When this history buff is not teaching or writing, he spends time with his two boys: Henry, who is 10 years old, and Teddy, 7.

“Henry is a chip off the old block,” Astor said proudly. “He is working on a history presentation right now on Miles Horton. It’s great.”

However, there is more history to the Astor name than Dr. Astor and his son.
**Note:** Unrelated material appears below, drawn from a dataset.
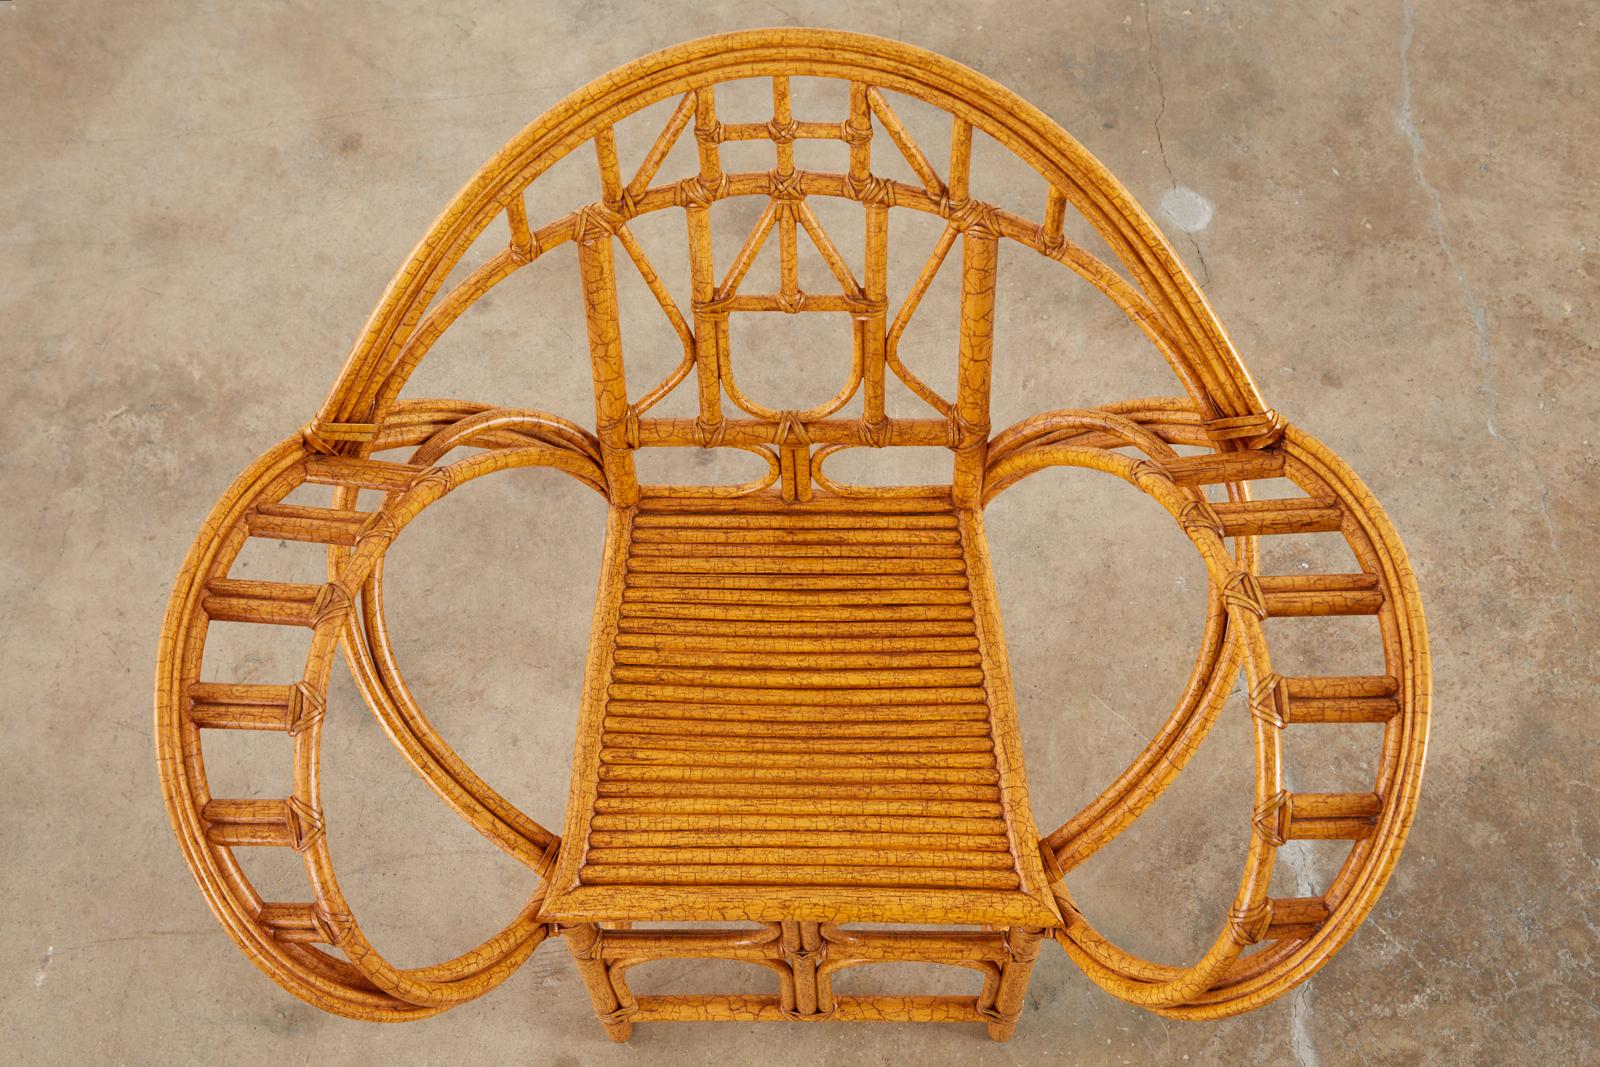 wicker butterfly chair -china -b2b -forum -blog -wikipedia -.cn -.gov -alibaba

His grandmother, Lilian Friedman Astor, is the creator of the cartoon “Betty Boop.”

She was hired out of high school by Fleischer Studios, known for creating “Popeye” and “Raggedy Anne and Andy.”

“She was so talented that she was secretly promoted from an inker to an animator,” Astor said. “No woman had ever done anything like that before.”

“Betty Boop” was originally a dog with long ears, but Lilian Friedman Astor transformed the cartoon into a flapper-type woman, changing the ears to earrings.

“She drew several Betty Boops,” Astor said, pointing to an original drawing by his   grandmother hanging on his office door. “She was a woman before her time.”

“In fact, we still have the letter from when she applied to Disney,” Astor added. “It said, ‘We don’t hire girls in our studio.’”

Astor, through his New York Times articles and other writings, as well as his talent for teaching, is following in his grandmother’s footsteps by making history, and sharing it with others.